What to work on>
Retype every line from the start of the data down to and including the line with "LJ Reyes attends NYFW 2021". Skip the pictures.

Data block>

——————

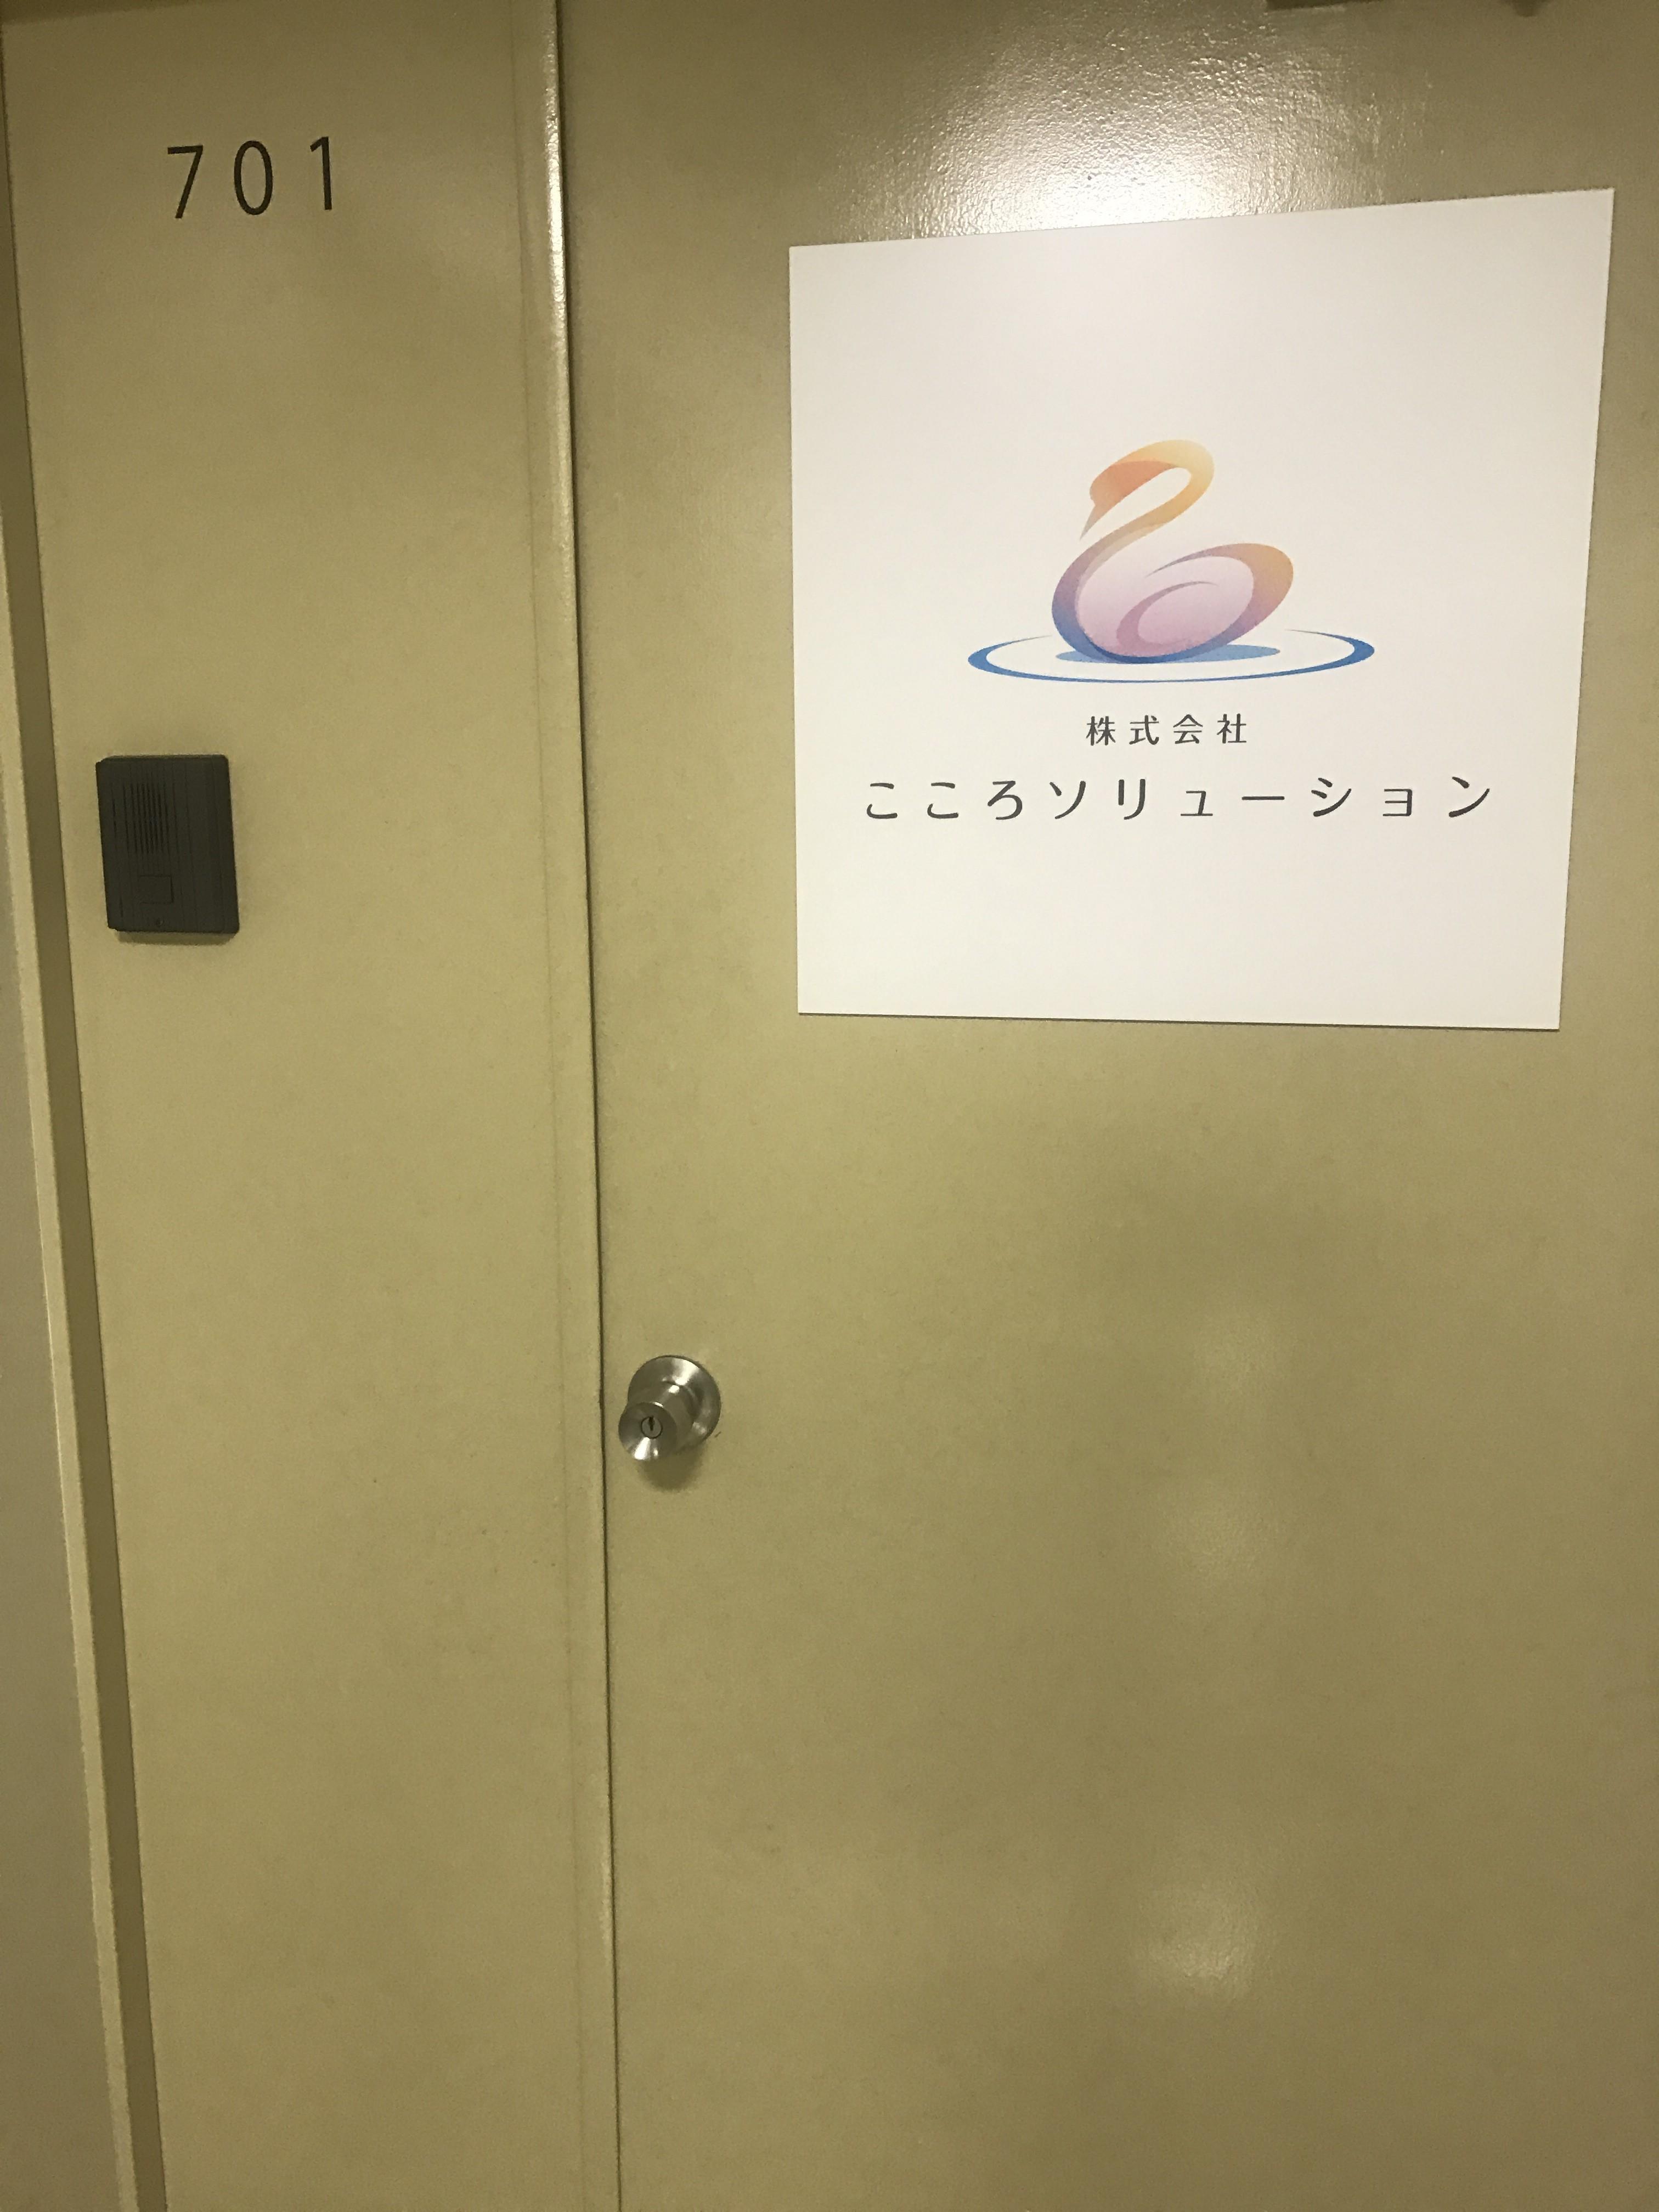 ニュープラザビル7階701号室(株式会社こころソリューション) 多目的スペースの入口の写真
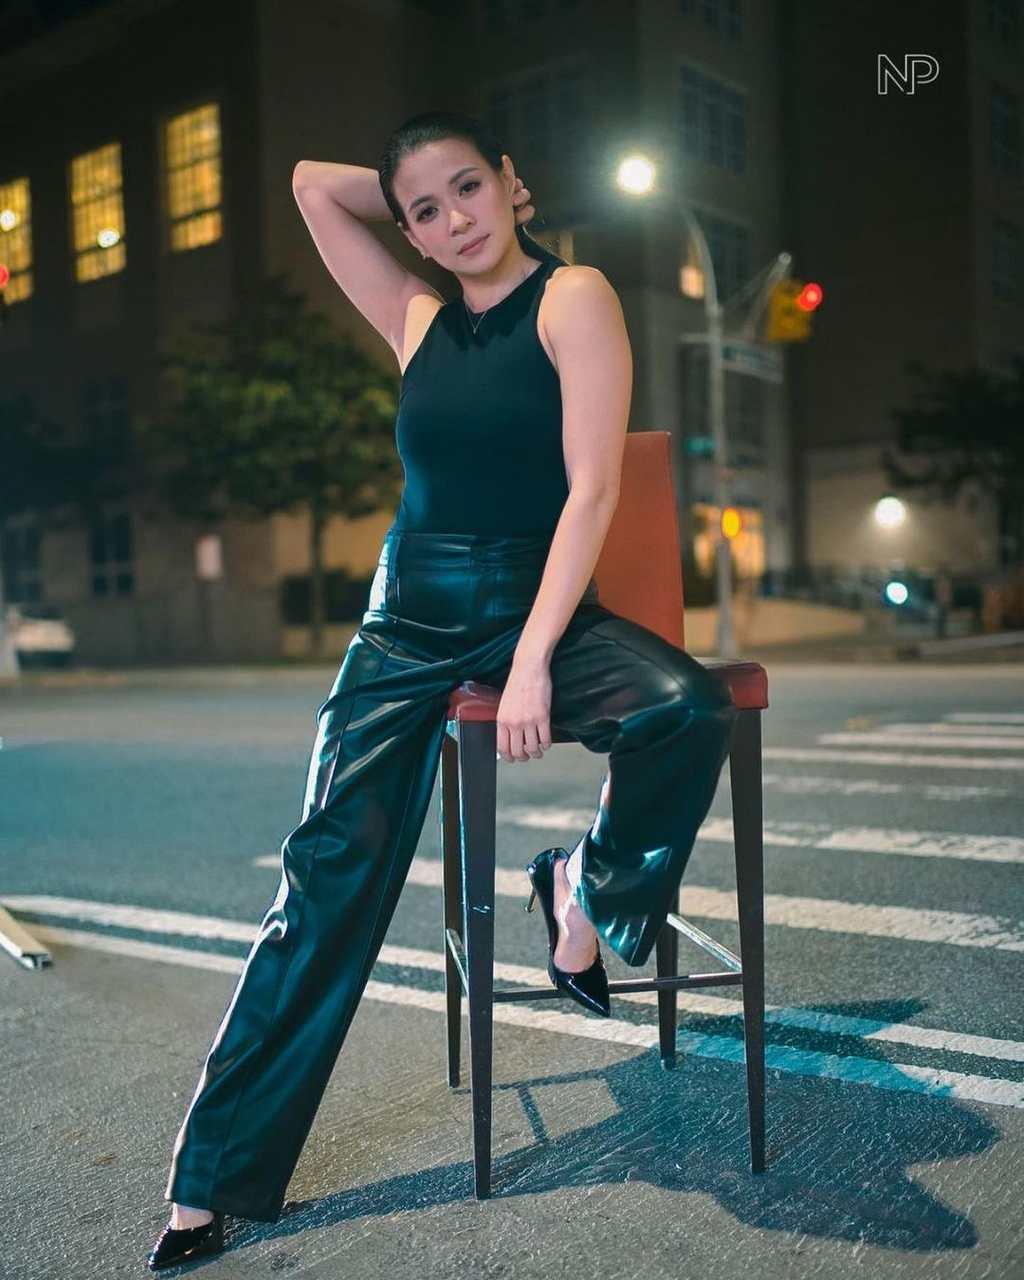 LJ Reyes attends NYFW 2021
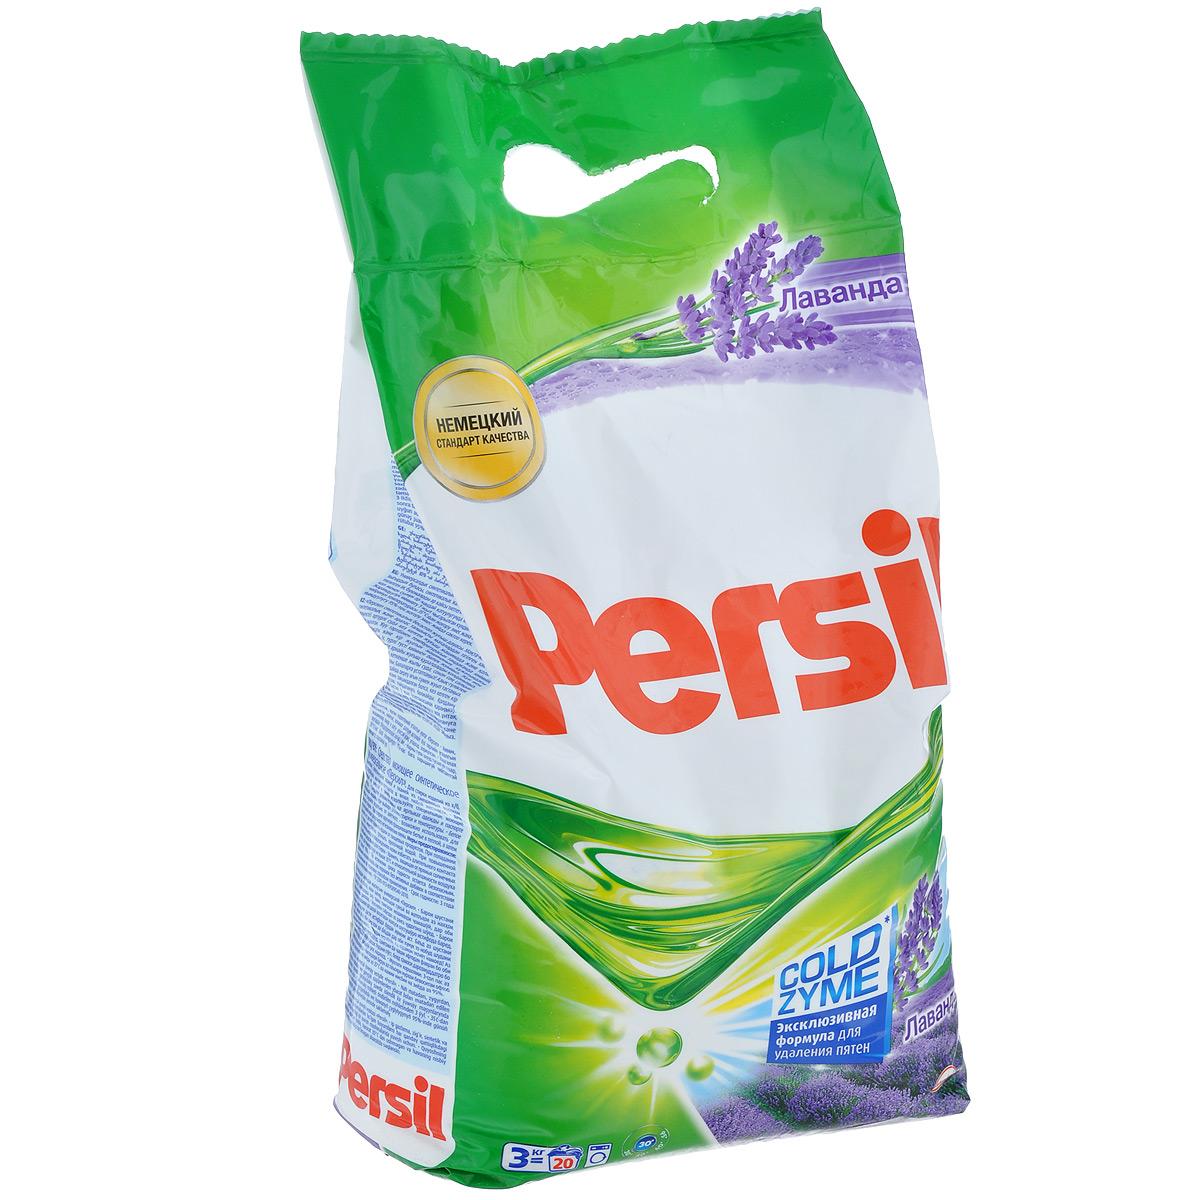 Стиральный порошок Persil Лаванда, 3 кг935042Стиральный порошок Persil Лаванда - это стиральный порошок с инновационной формулой, которая содержит активные капсулы пятновыводителя. Эти капсулы быстро растворяются в воде и начинают действовать на пятно уже в самом начале стирки. Благодаря эксклюзивному компоненту, Persil отлично удаляет даже сложные пятна. Кроме того, он делает белье белоснежным и придает ему свежий цветочный аромат. Подходит для стирки изделий из х/б, льняных, синтетических тканей и тканей из смешанных волокон в стиральных машинах-автоматах в воде любой жесткости. Состав: 5-15% анионные ПАВ, кислородсодержащий отбеливатель, Товар сертифицирован.
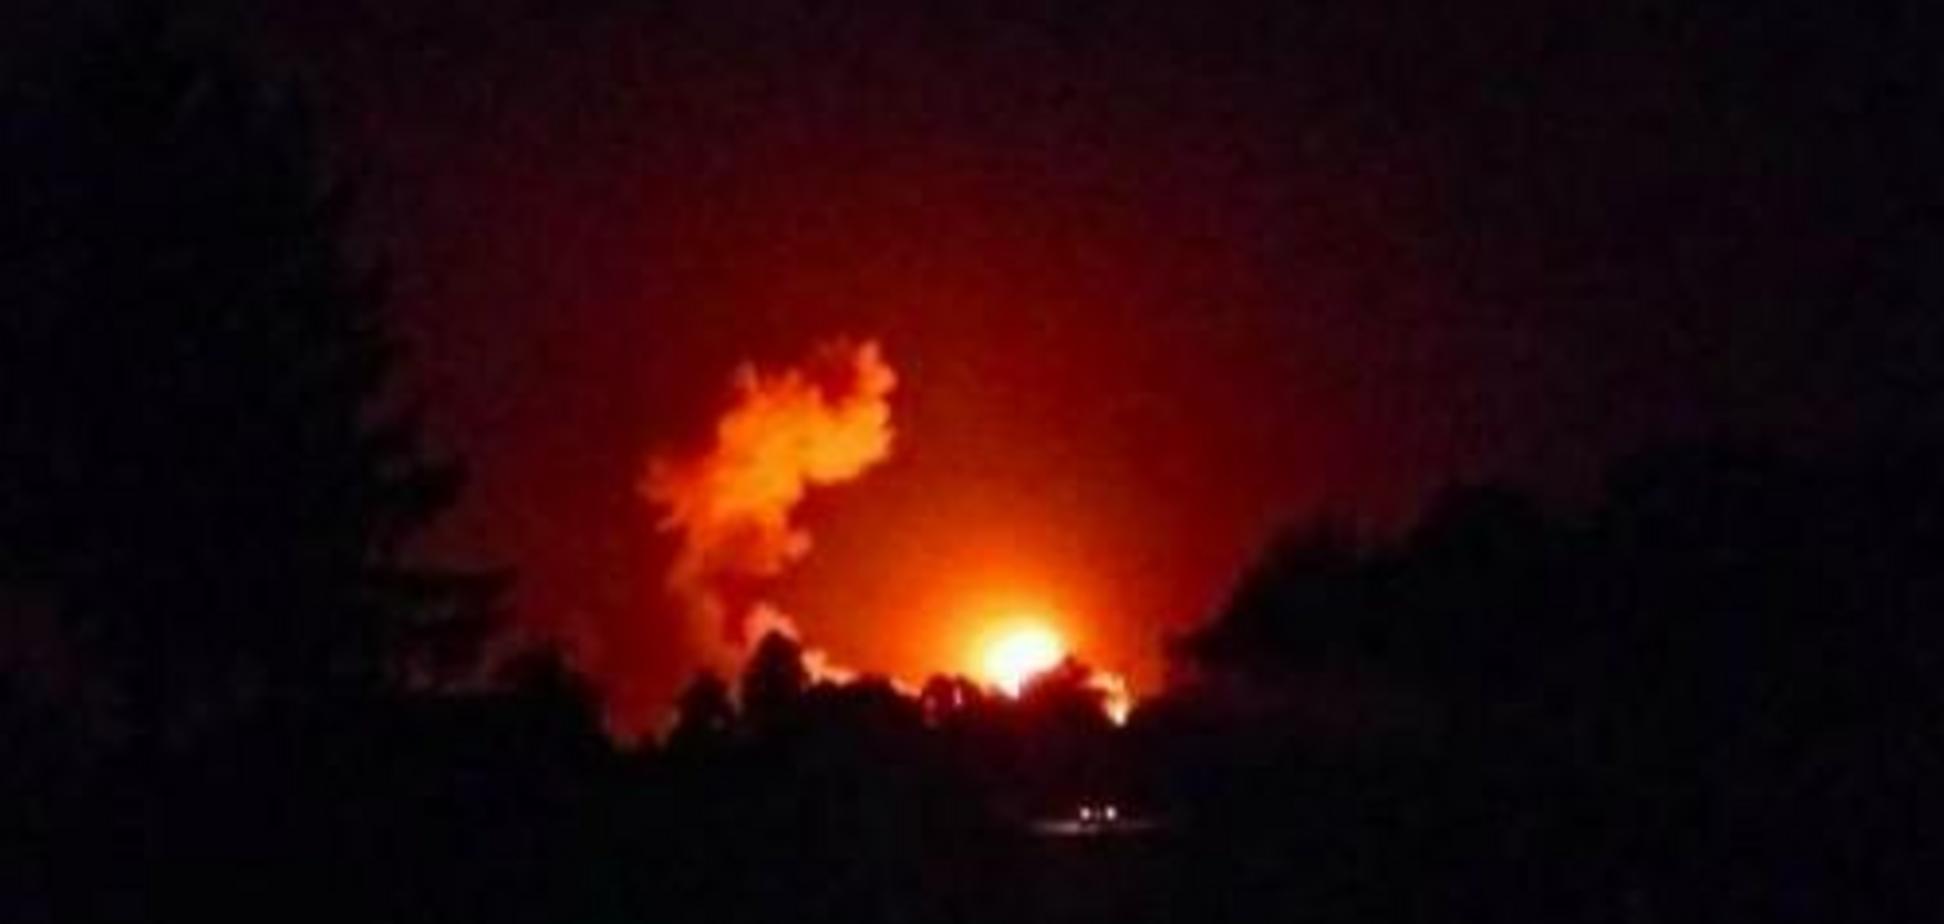 Вікна випадають: в Ічні почалася паніка через вибухи, людей евакуюють

——————

Task result>
 ニュープラザビル7階701号室(株式会社こころソリューション) 多目的スペースの入口の写真
 LJ Reyes attends NYFW 2021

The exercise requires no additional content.